Action item -> As soon as the line containing "depardieu ställs inför" appears in the material below, start returning lines exactly, and end with the line containing "colori. Foto Stock".

╭─ Extracted records

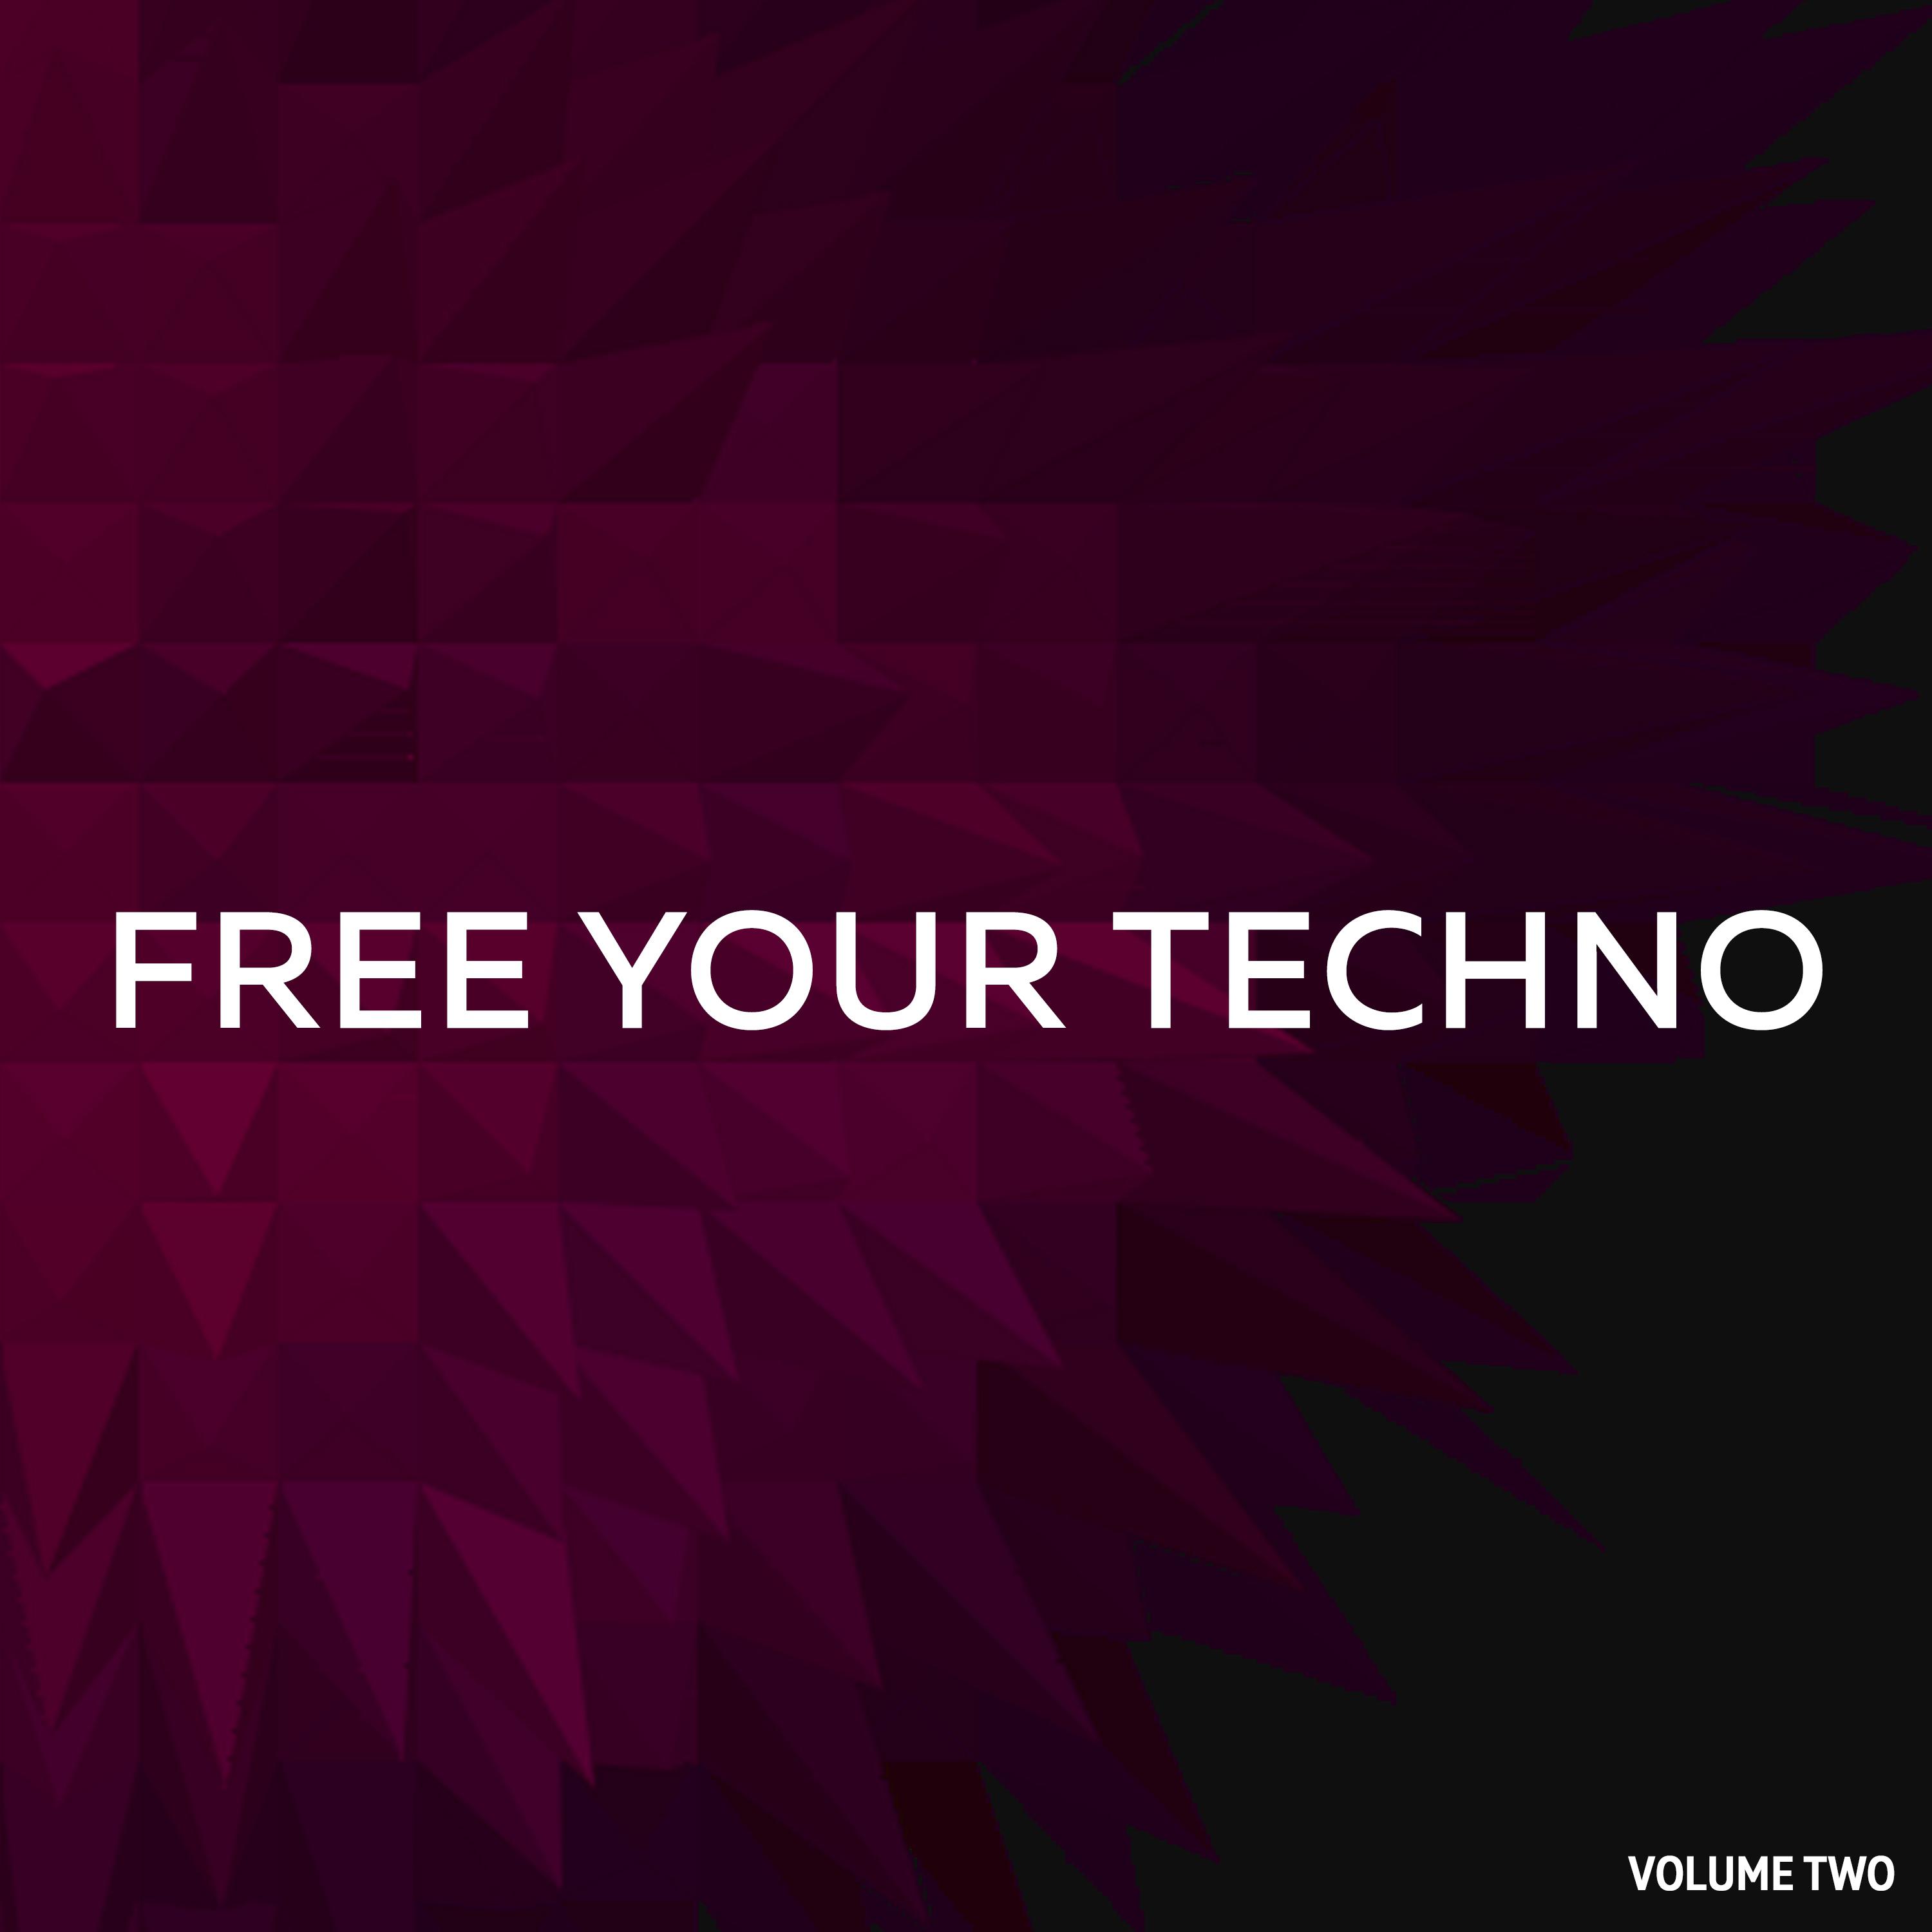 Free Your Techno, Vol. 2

╰─
╭─ Extracted records

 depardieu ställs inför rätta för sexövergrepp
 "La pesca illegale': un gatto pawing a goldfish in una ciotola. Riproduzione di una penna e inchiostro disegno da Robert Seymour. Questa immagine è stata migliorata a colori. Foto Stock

╰─

Task answer ->
 depardieu ställs inför rätta för sexövergrepp
 "La pesca illegale': un gatto pawing a goldfish in una ciotola. Riproduzione di una penna e inchiostro disegno da Robert Seymour. Questa immagine è stata migliorata a colori. Foto Stock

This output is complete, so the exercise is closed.